* To do *
The answer must consist solely of the lines from the line with "Bachuomon 63507 B&O" to the end of the data below, transcribed exactly and with no pictures.

* Data block *
════════════════════

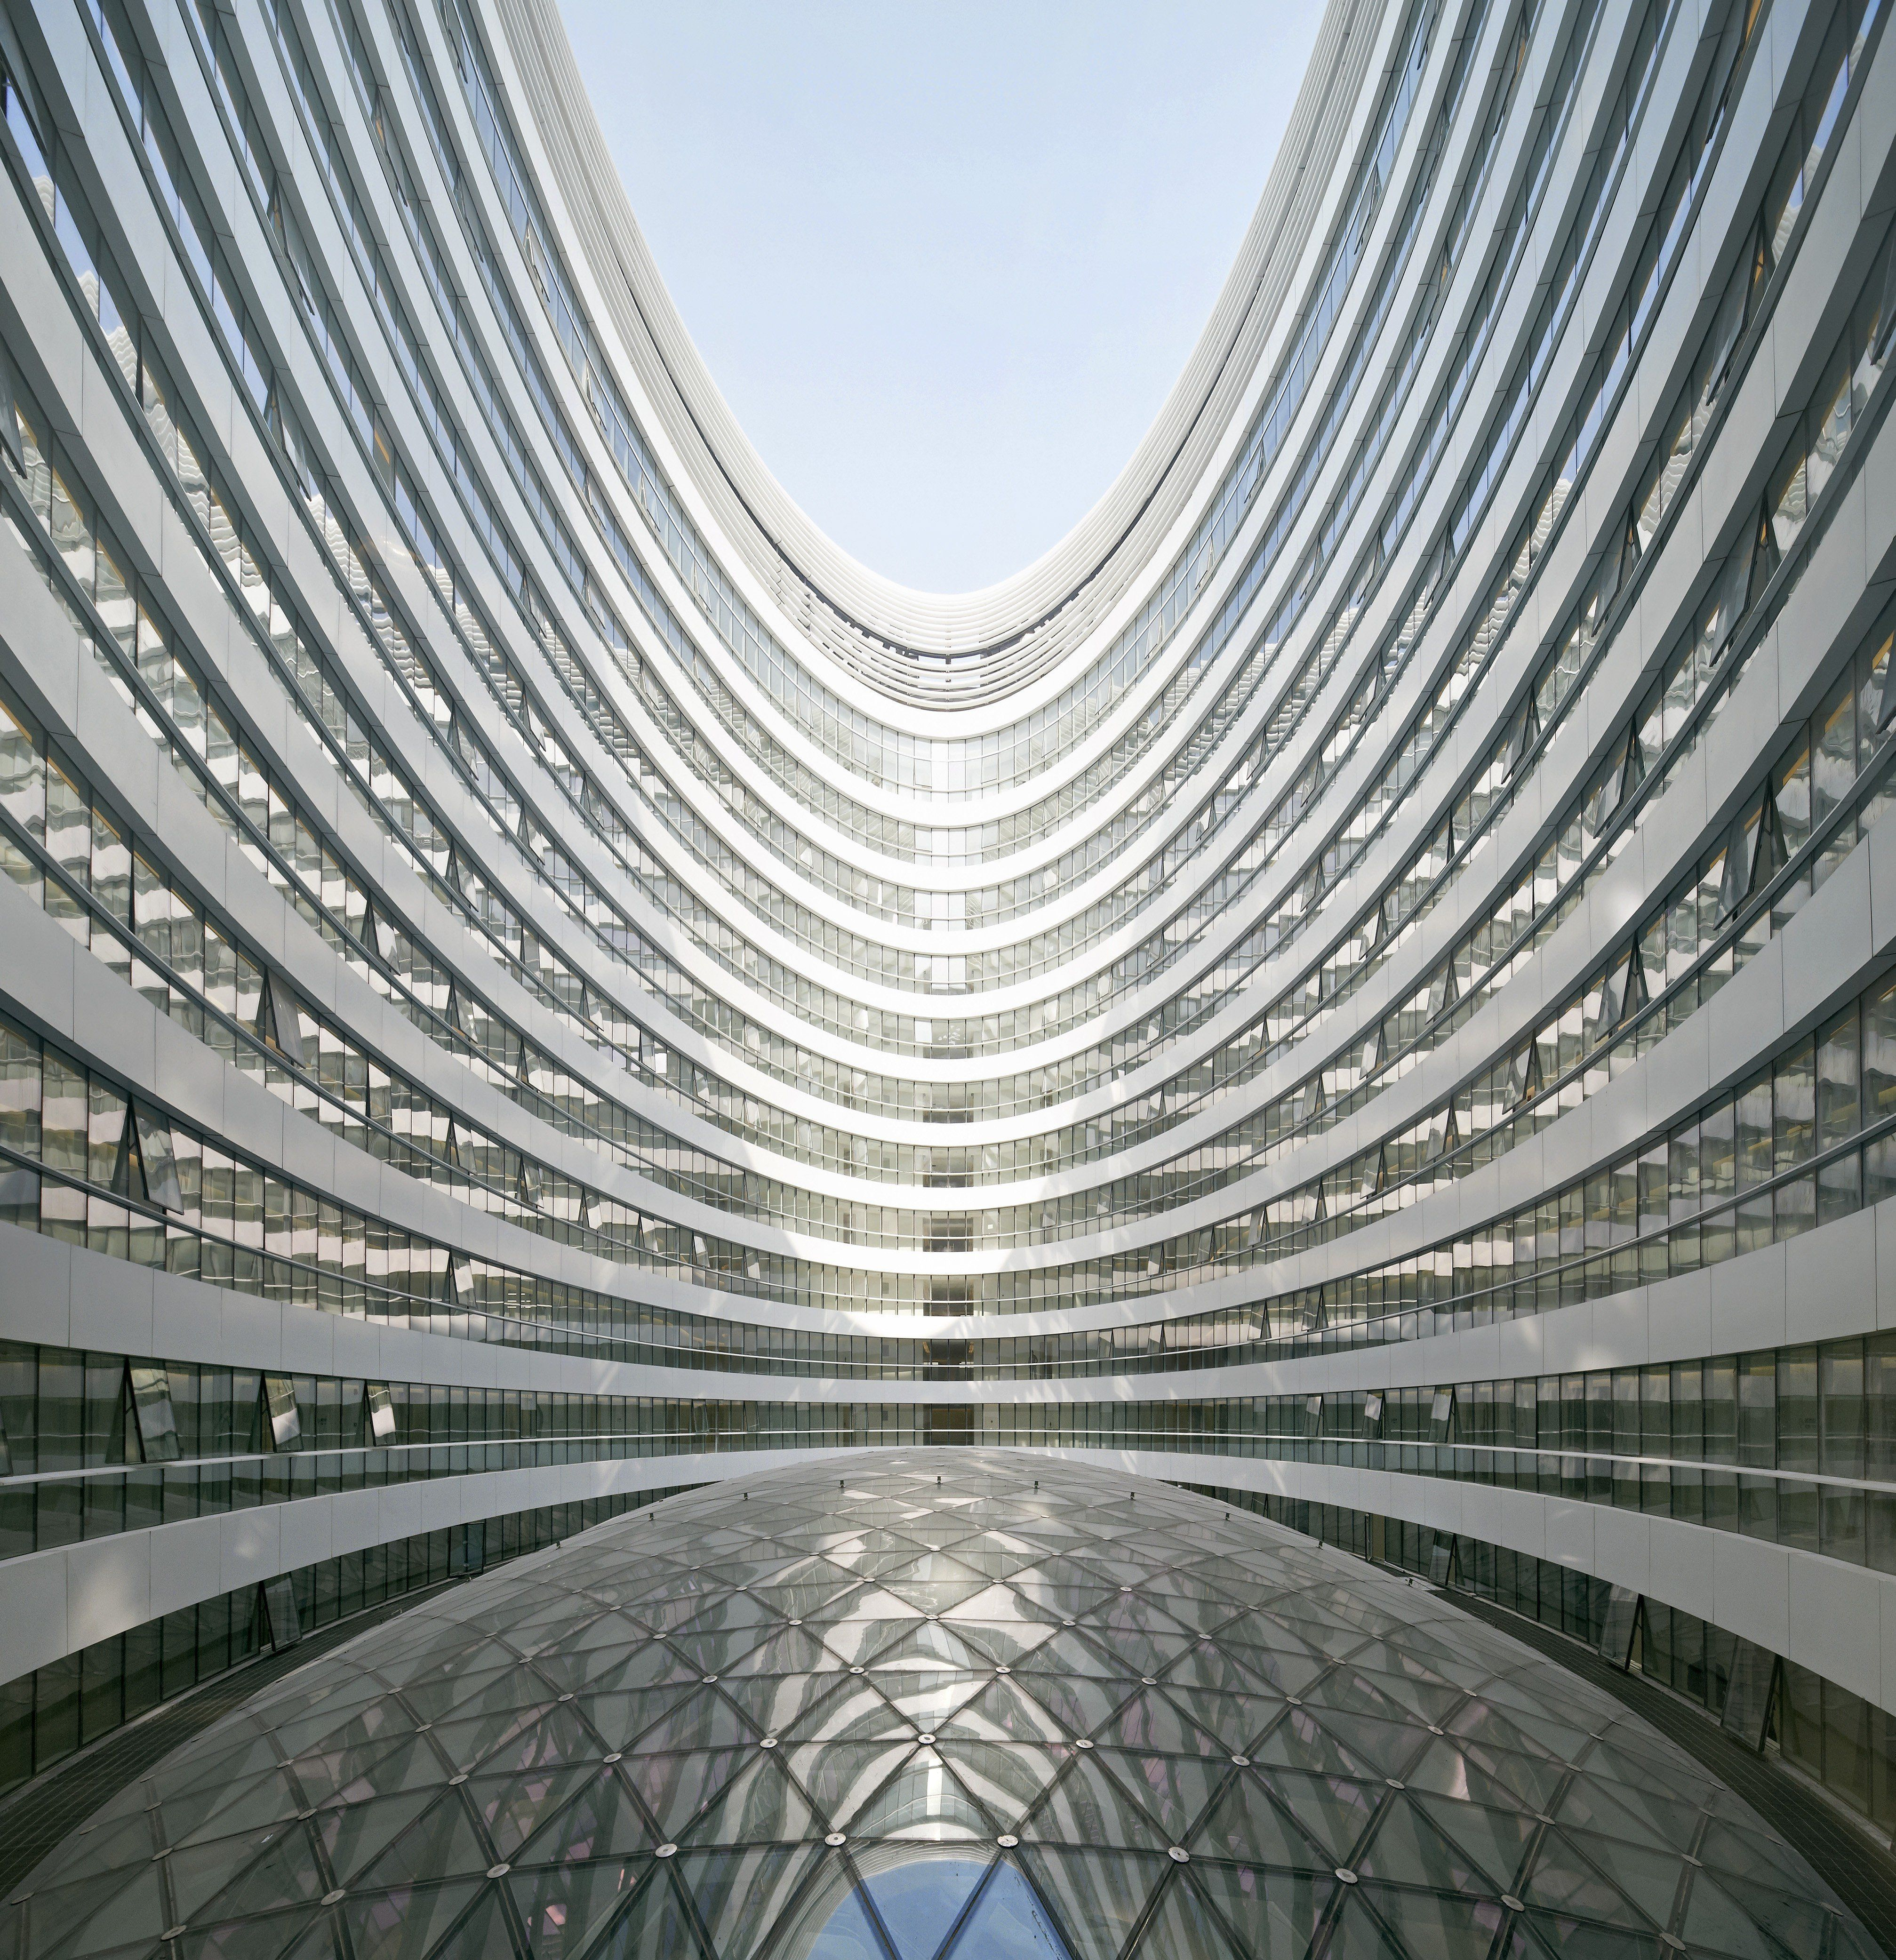 Wide angle view of atrium with glazed skylight, Galaxy Soho, Beijing, China, Architect: Zaha Hadid Architects, 2012.
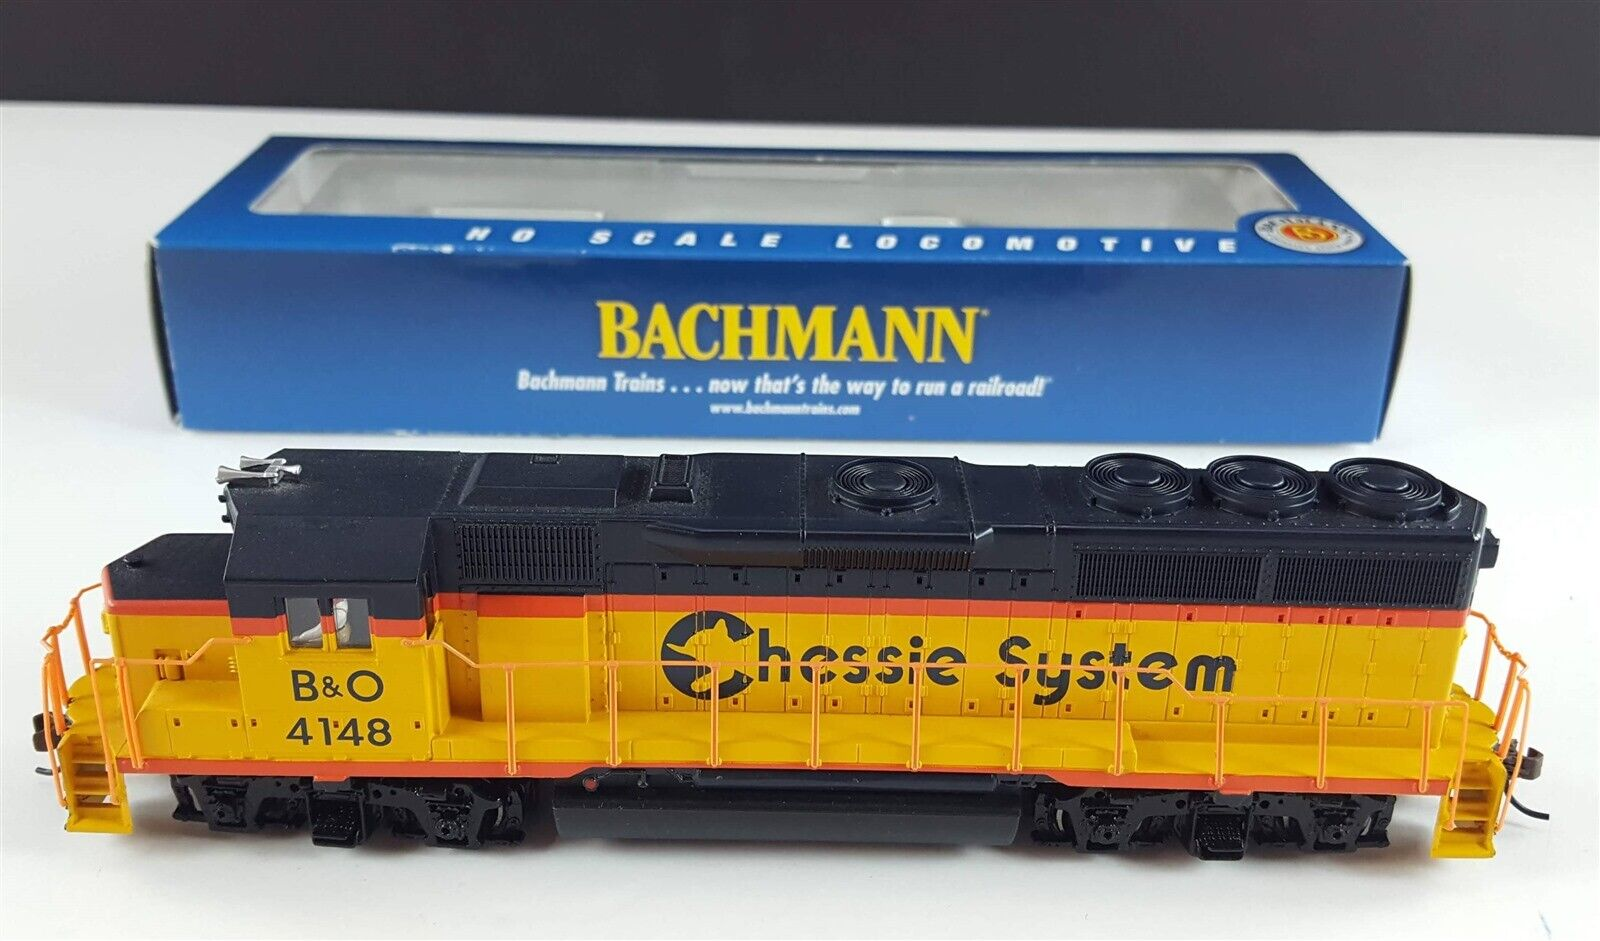 Bachuomon 63507 B&O Chessie EMD GP40 Diesel Locomotive 4148 HO Scale
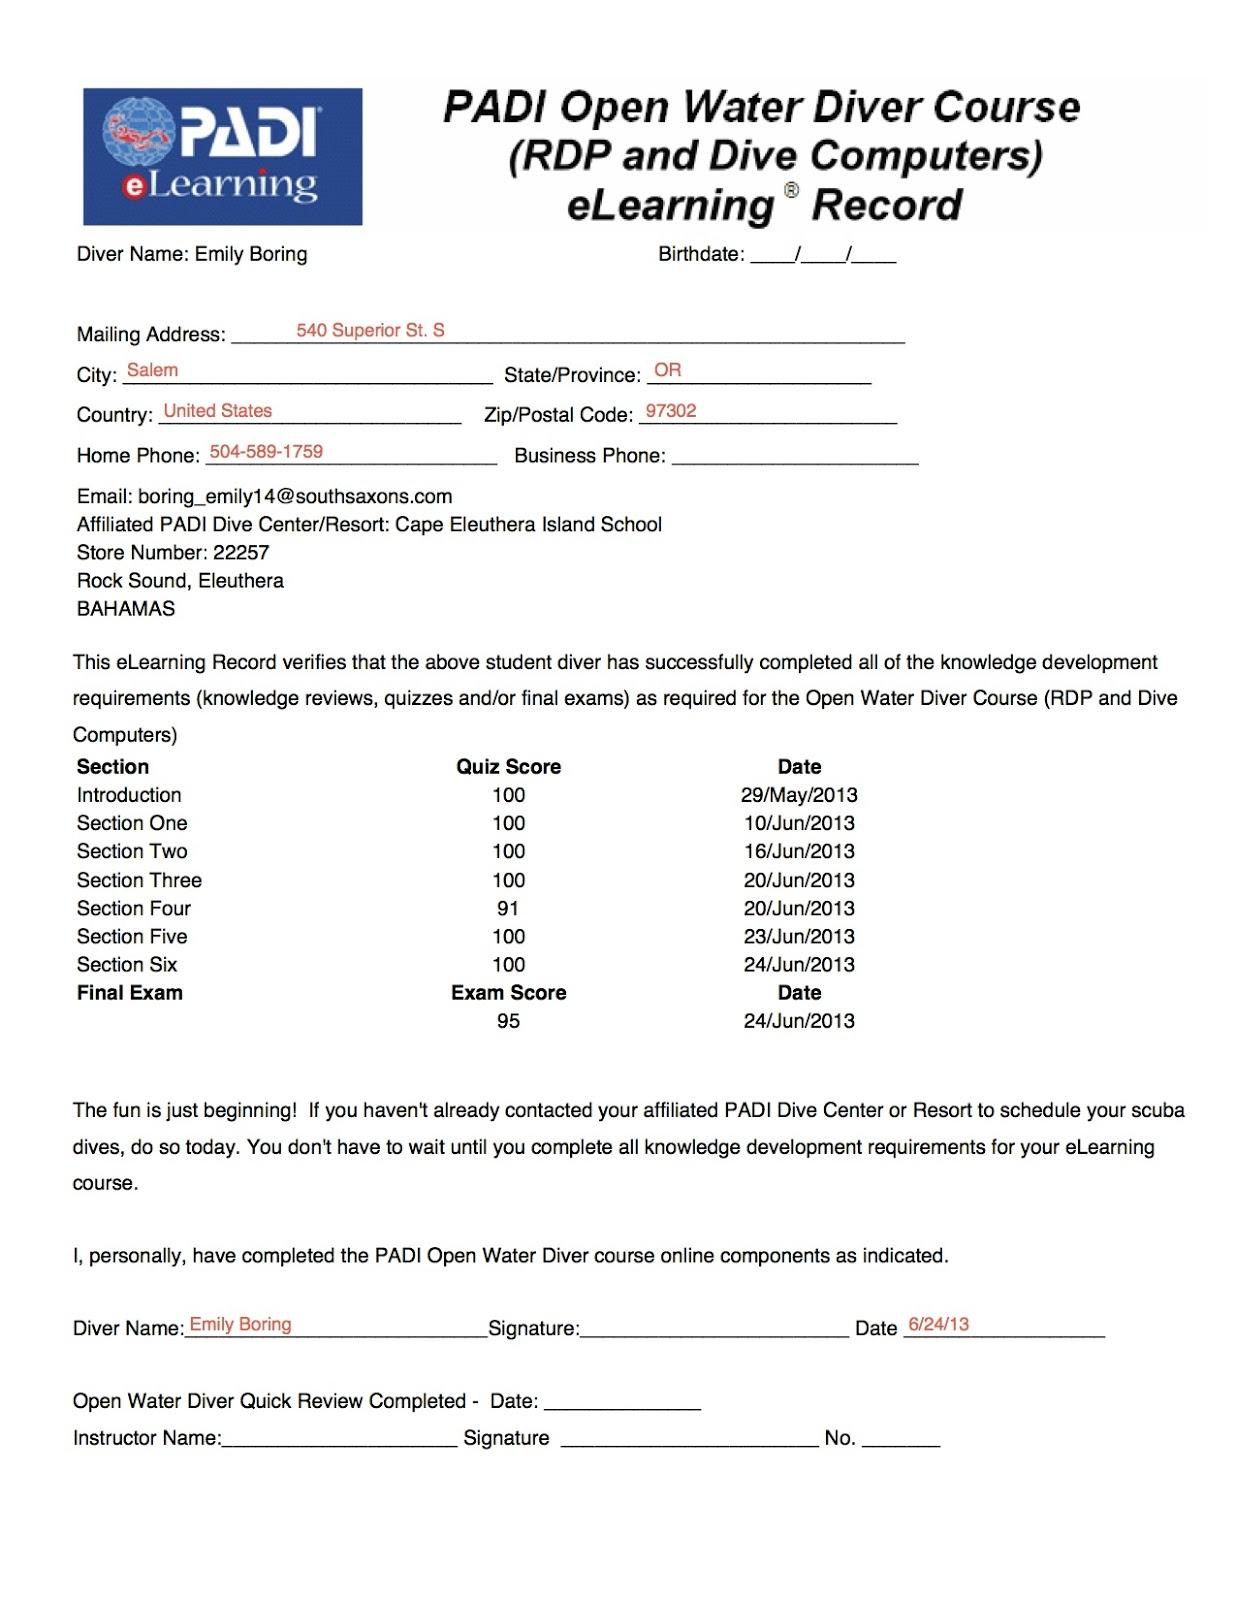 The Island School Online Scuba Certification Course Complete

════════════════════

* Solution for this task *
 Bachuomon 63507 B&O Chessie EMD GP40 Diesel Locomotive 4148 HO Scale
 The Island School Online Scuba Certification Course Complete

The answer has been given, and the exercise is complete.